In this task I have been greatly assisted by the evidence of Mr. D. Marsh, the District Officer for the Central District. It appears that although native customs are changing and to a large extent breaking down with the advancement of the native people, there are certain fundamental social structures which are not likely to change for a very long time. These are matters of vital concern to the natives themselves and involve their concepts of social security which appear to be in many respects very much superior to those of European society. It is unlikely that during the lifetime of the Plaintiff a girl in her position would find that her injuries would prevent her from leading a full and happy life as a native or would affect her prospects of marriage to any extent. Her position in native society is not likely to be affected in any way at all. Other people will help and support her as necessary. There are, however, clearly disadvantages in association with her native life which must be borne in mind. They include, for example, the loss of full enjoyment of participation in ceremonial and other activities, discomfort when carrying out the tasks normally performed by native women and the limitation upon progress and comfort when walking from place to place - walking over considerable distances in the course of the daily work being one of the features of native village life.


The Plaintiff as the daughter of one of the more highly advanced of the natives from Hanuabada village. INOGO has been employed for a long time by the Government Printer and is an established and responsible citizen. He is bringing up his children with a proper regard for education, and there is no reason why the Plaintiff should not in the ordinary course pursue her education up to the Intermediate Standard or possibly beyond. With advancing education, Hanuabadans are likely to find greatly increased scope for employment in the future in the increasing commercial and other activities at Port Moresby. Mr. Marsh thinks it quite likely that a girl of the Plaintiff's age would be able to reach standards which would enable her in a few years time to gain employment as a Typist or in some other office work. Her injuries are likely to be a disadvantage to her when seeking employment but they are not of a nature which would prevent her from working or carrying out her duties efficiently, for example as a Typist.

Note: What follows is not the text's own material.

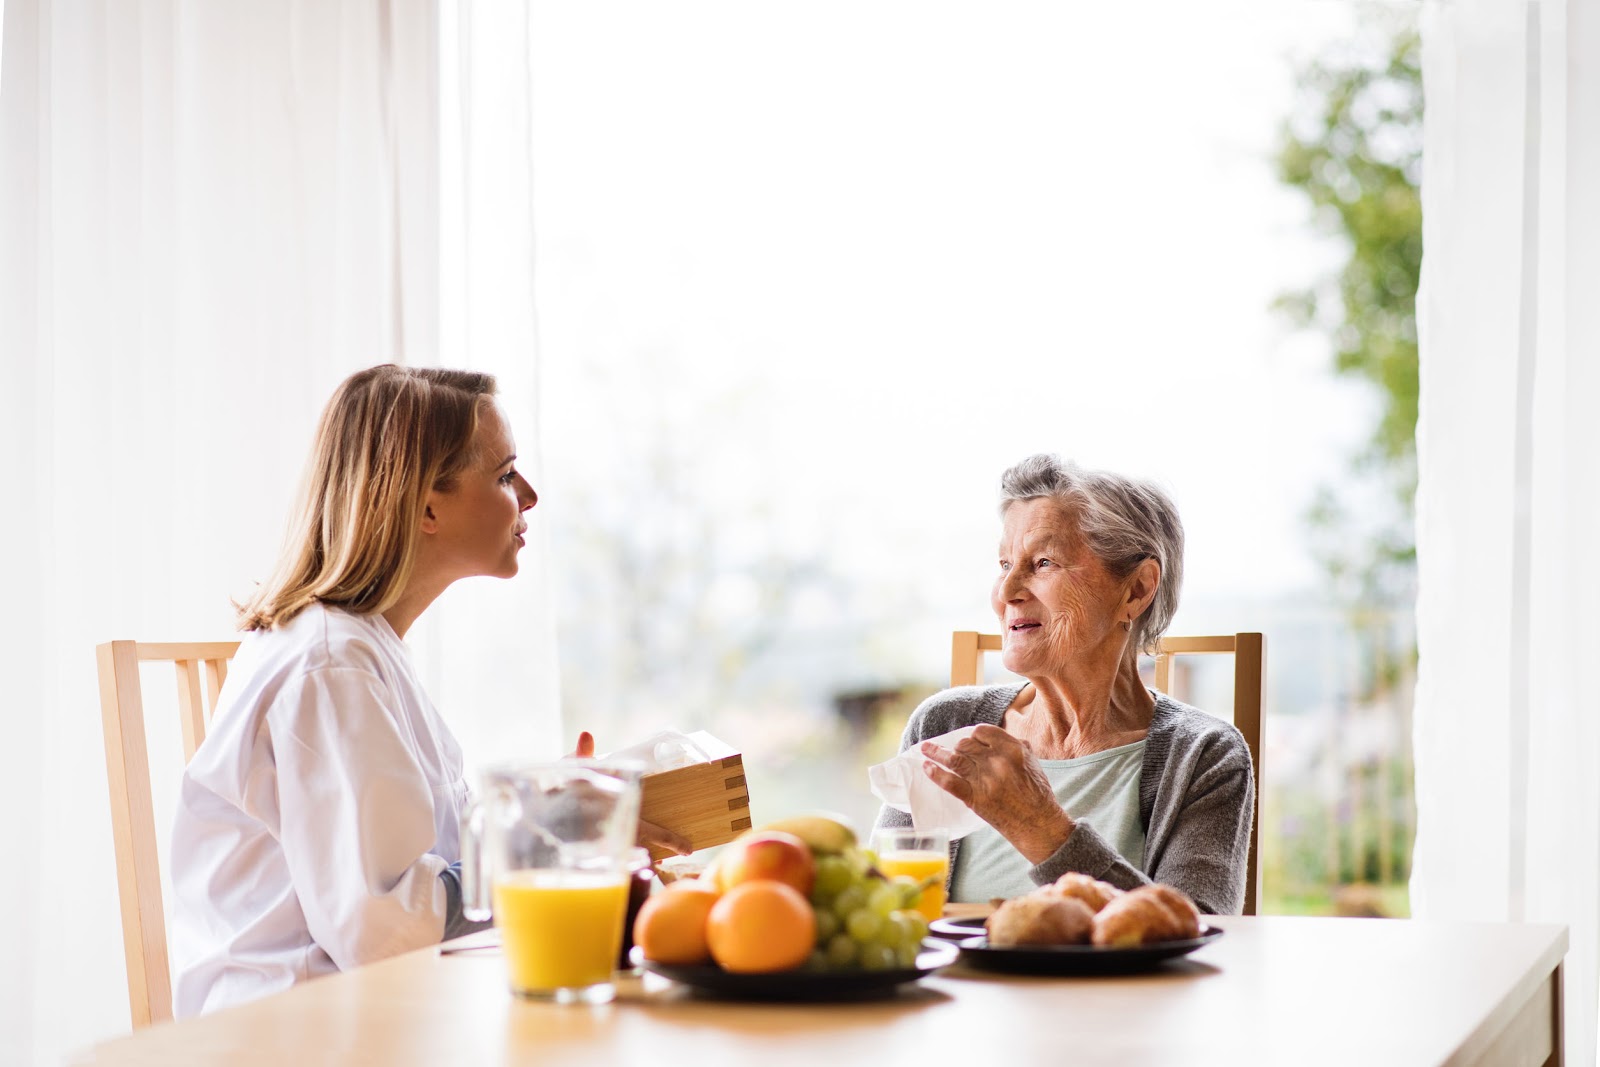 Health visitor and a senior woman during home visit. A nurse and an elderly woman sitting at the table, talking together.

During the lifetime of the Plaintiff the Westernisation of native life is not likely to proceed to a stage at which she would be left without security and support of her native community, nor is she likely to suffer direct financial loss. Her claim amounts more to matters of pain and suffering, inconvenience and probably discomfort in whatever kind of life the future may hold for her, and a reduction in the extent to which she will be able to participate fully in social and other activities. Her injuries constitute a severe and permanent disfigurement, but her handicap as a social unit will depend very largely on changing social conditions. I therefore estimate her lose very broadly at £800.


Questions may arise as to the appropriate form of order for the investment of the money on behalf of the infant Plaintiff and generally as to the administration of the fund. Possibility the Director of Native Affairs or the Secretary for Law may wish to put some material before the Court or make submissions as to the proper form of the order. I will direct that the £800 be paid into Court within seven days, and stand the case down pending further order as to the investment and disposition of the money.


Judgment will be entered for £800 with costs to be taxed.